◆ RECORDED DATA:
------------
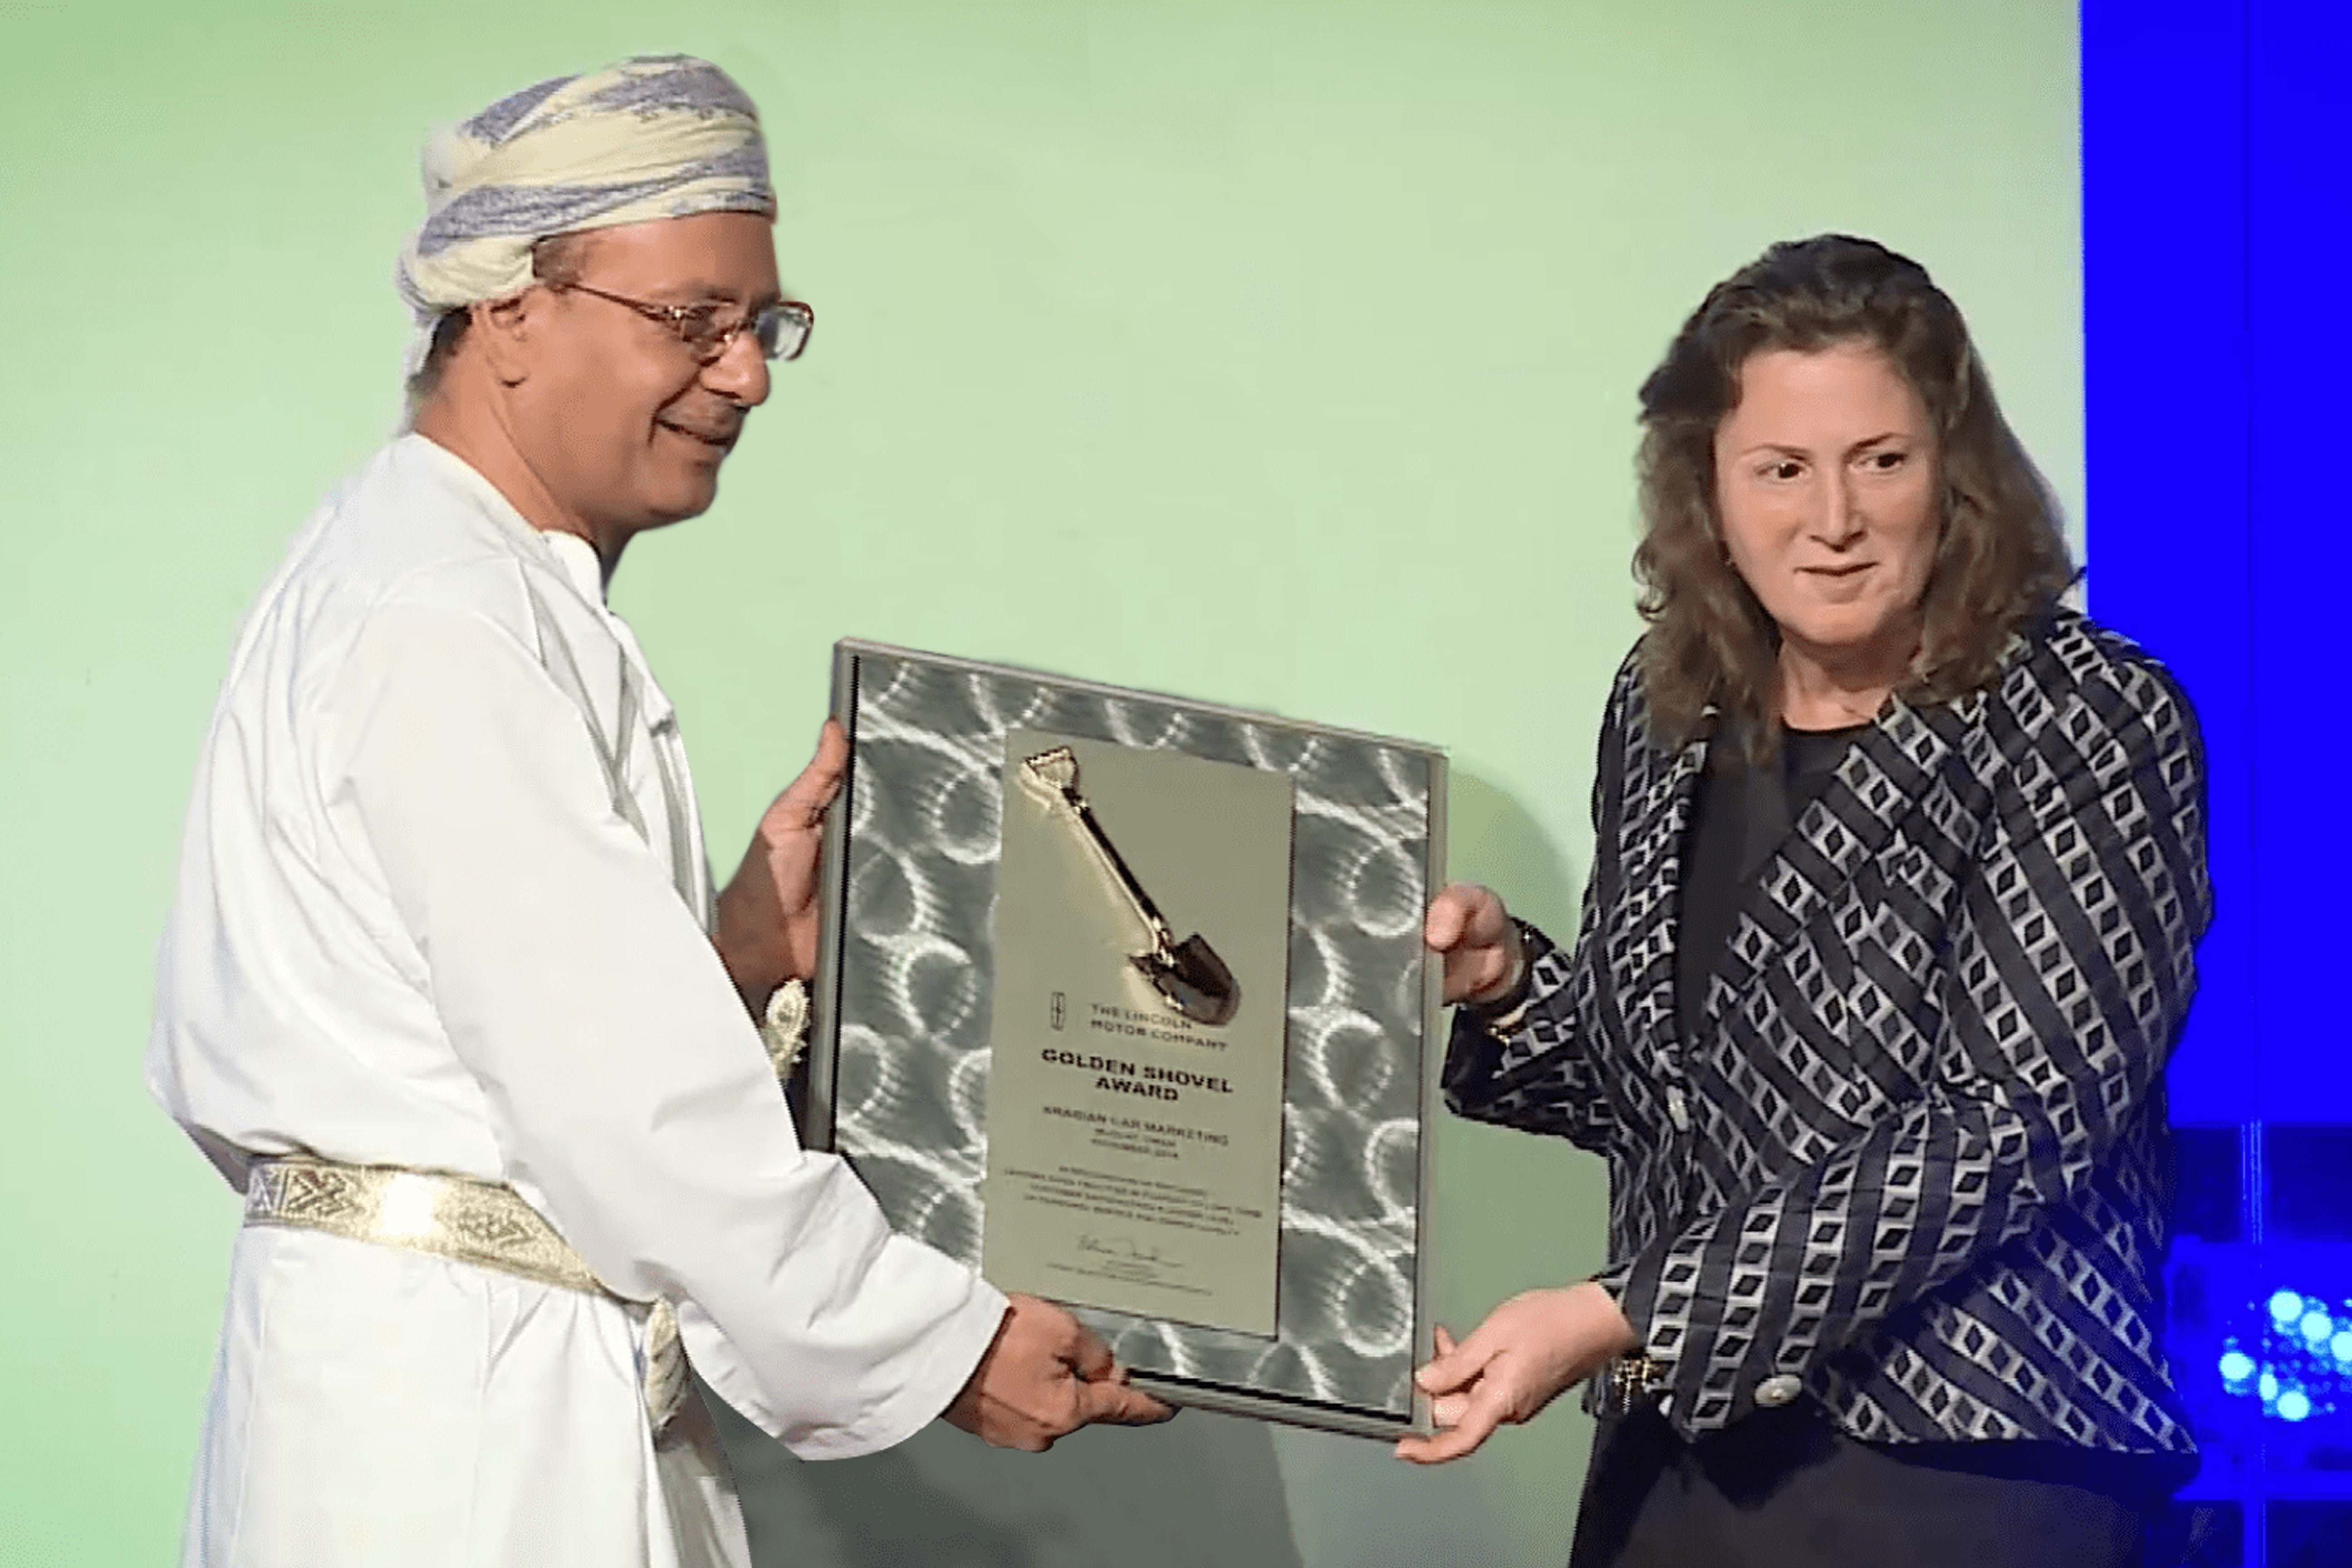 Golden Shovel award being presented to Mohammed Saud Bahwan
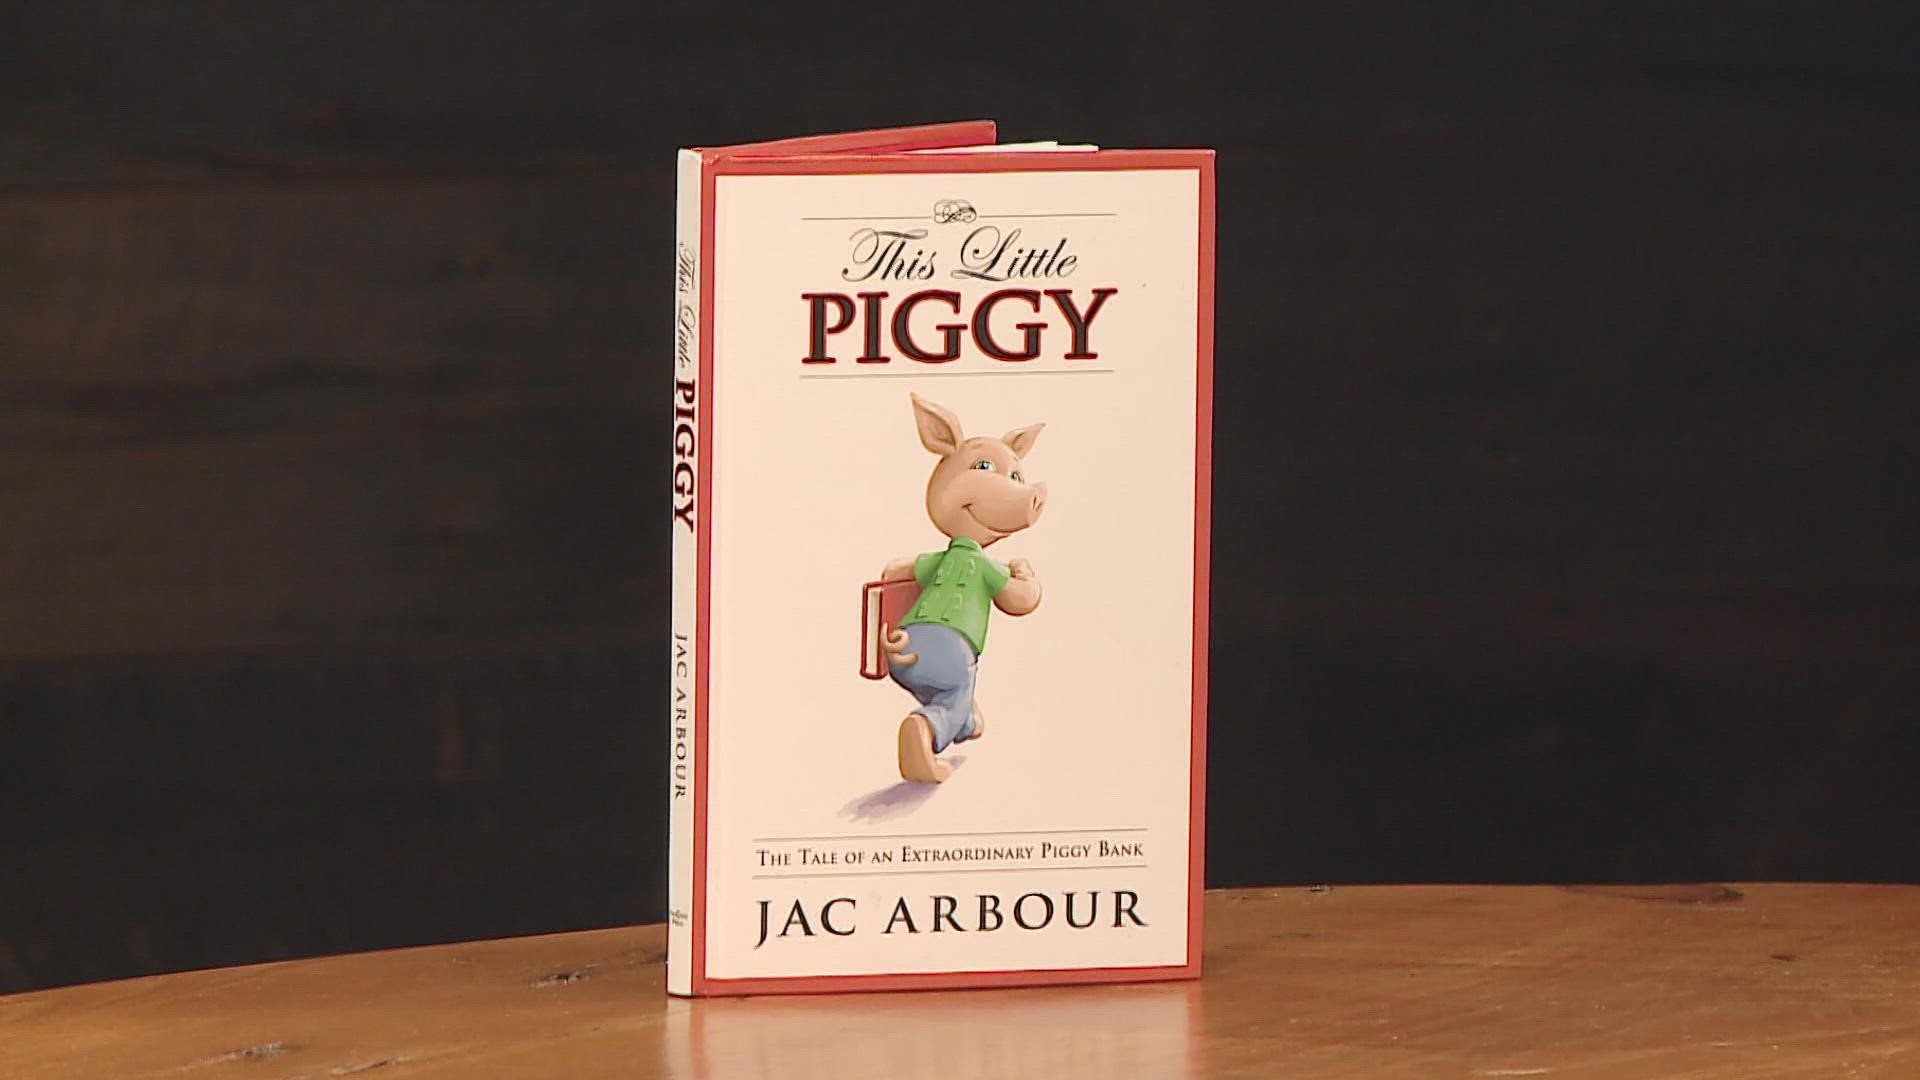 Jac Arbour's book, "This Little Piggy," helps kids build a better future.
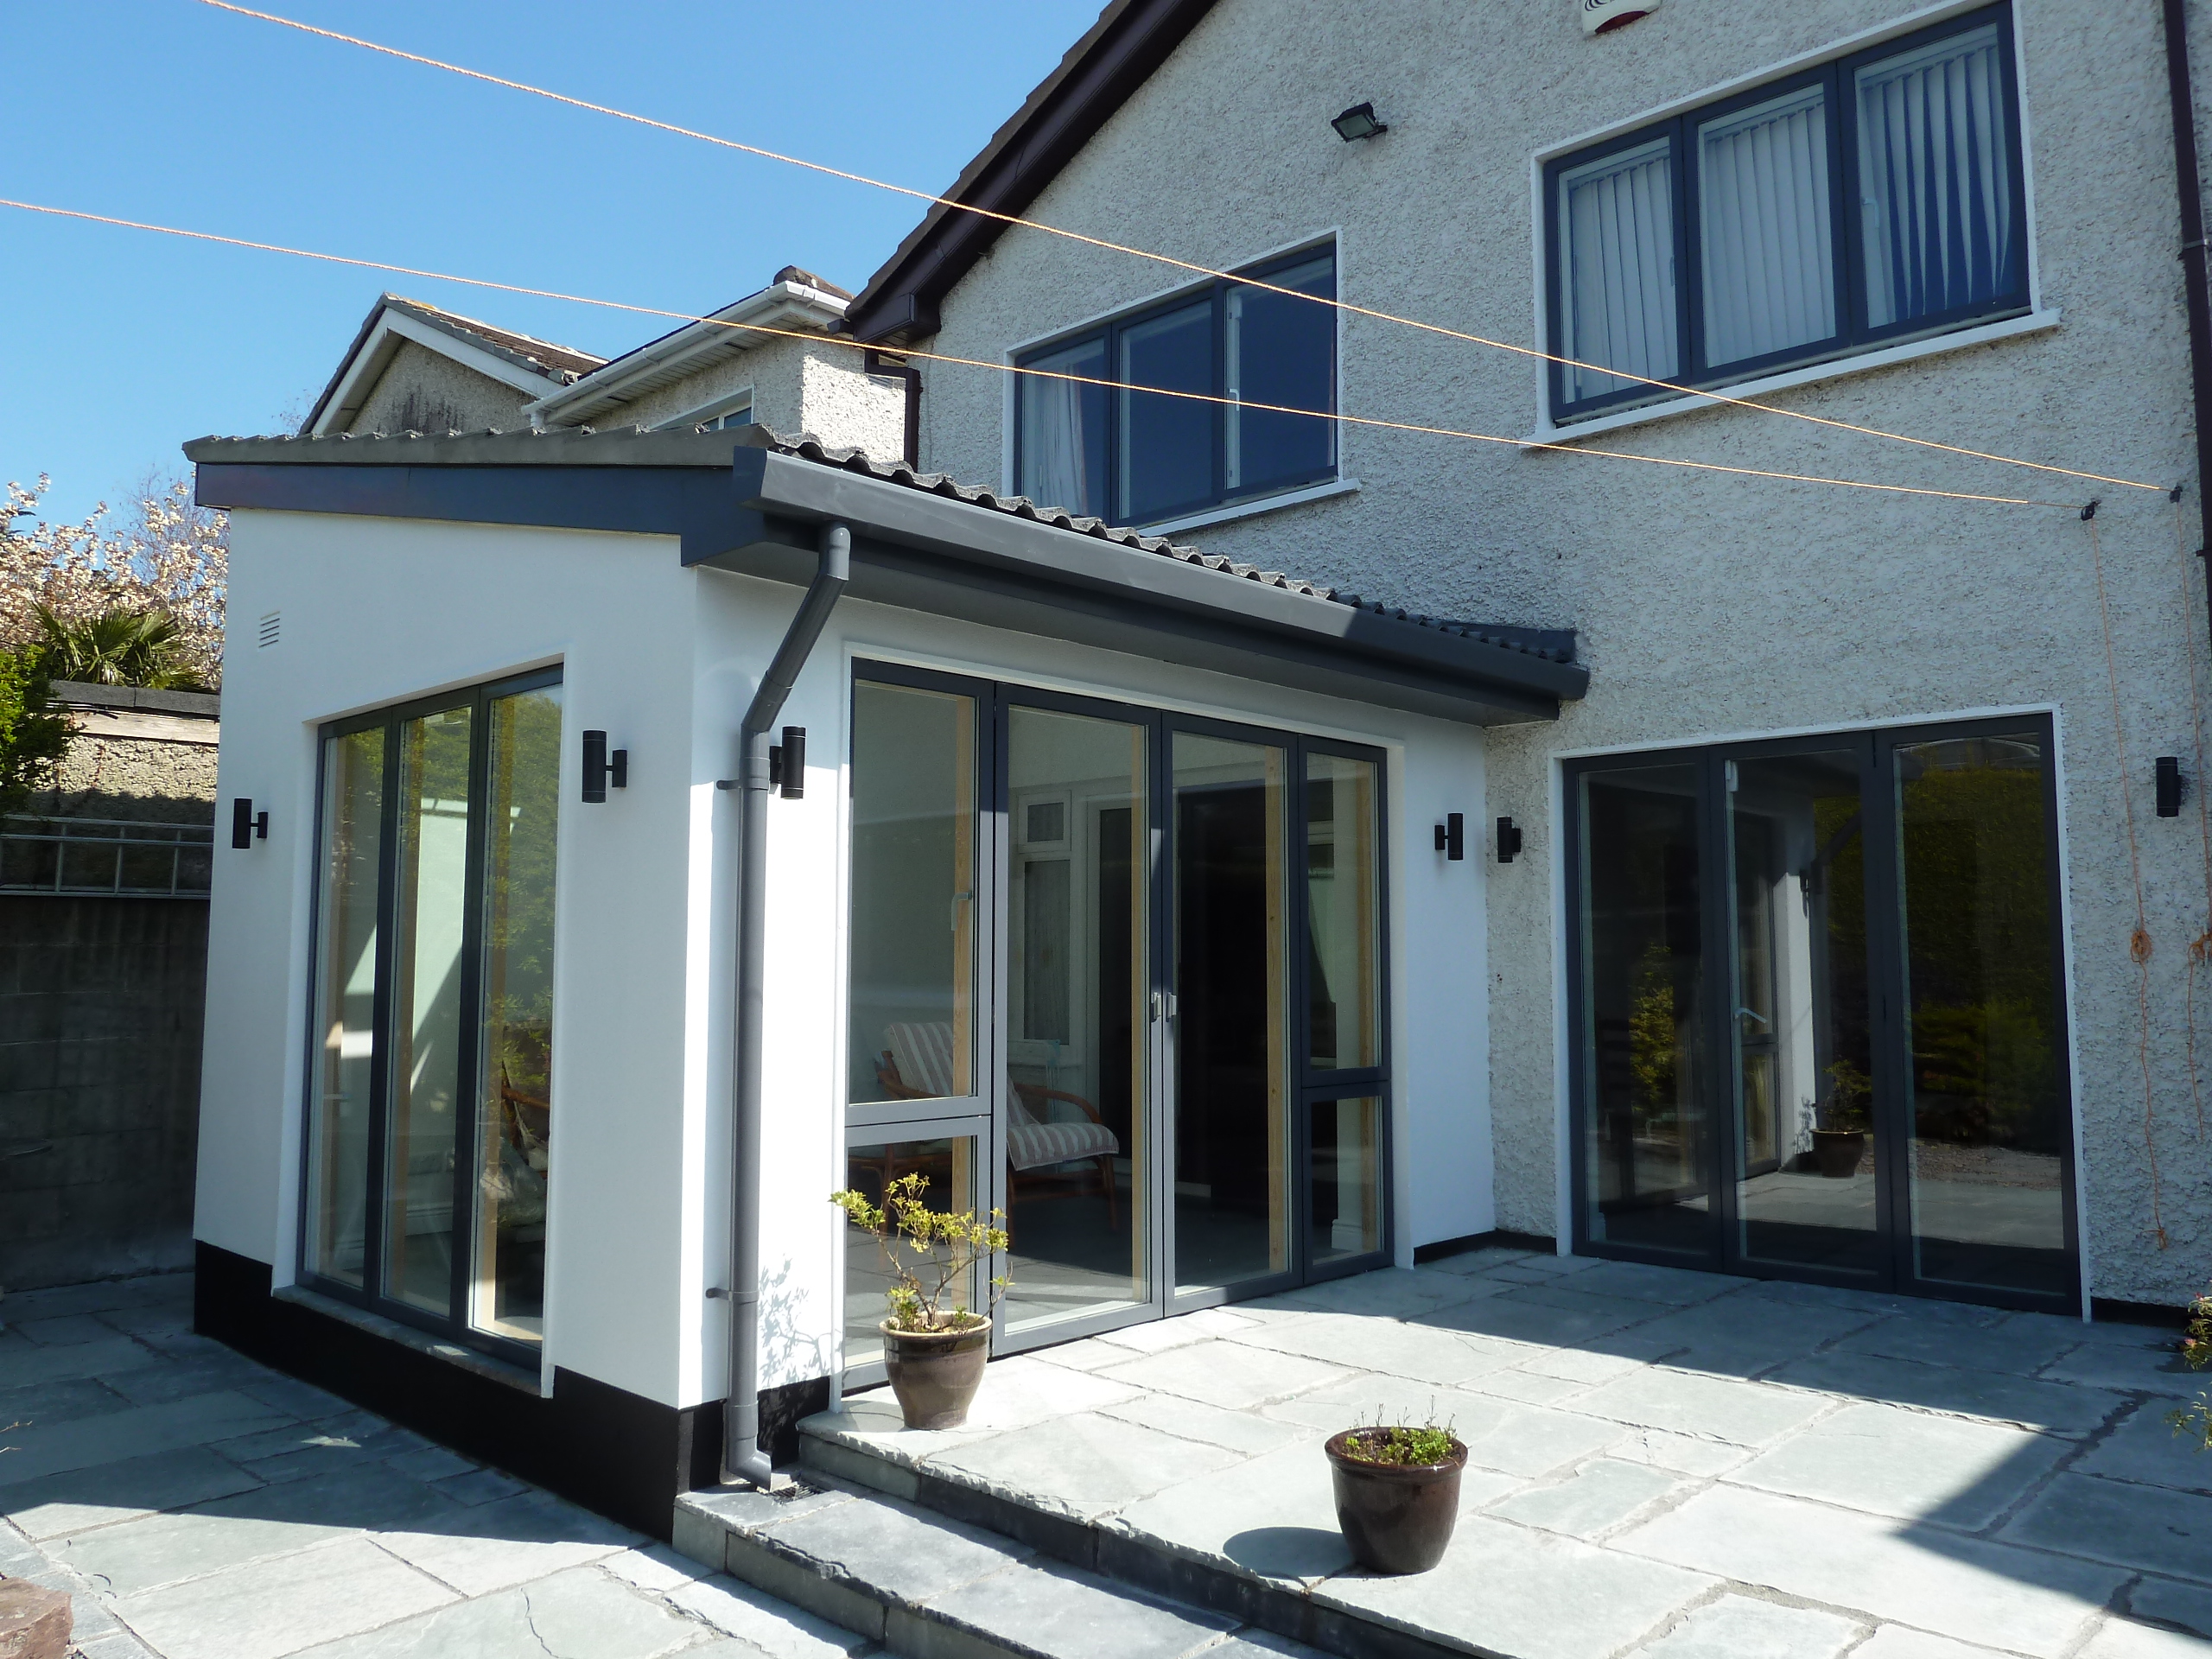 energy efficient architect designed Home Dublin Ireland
------------
The data above needs to be retyped exactly, with the images left out.

◆ RESPONSE TO THE EXERCISE:
 Golden Shovel award being presented to Mohammed Saud Bahwan
 Jac Arbour's book, "This Little Piggy," helps kids build a better future.
 energy efficient architect designed Home Dublin Ireland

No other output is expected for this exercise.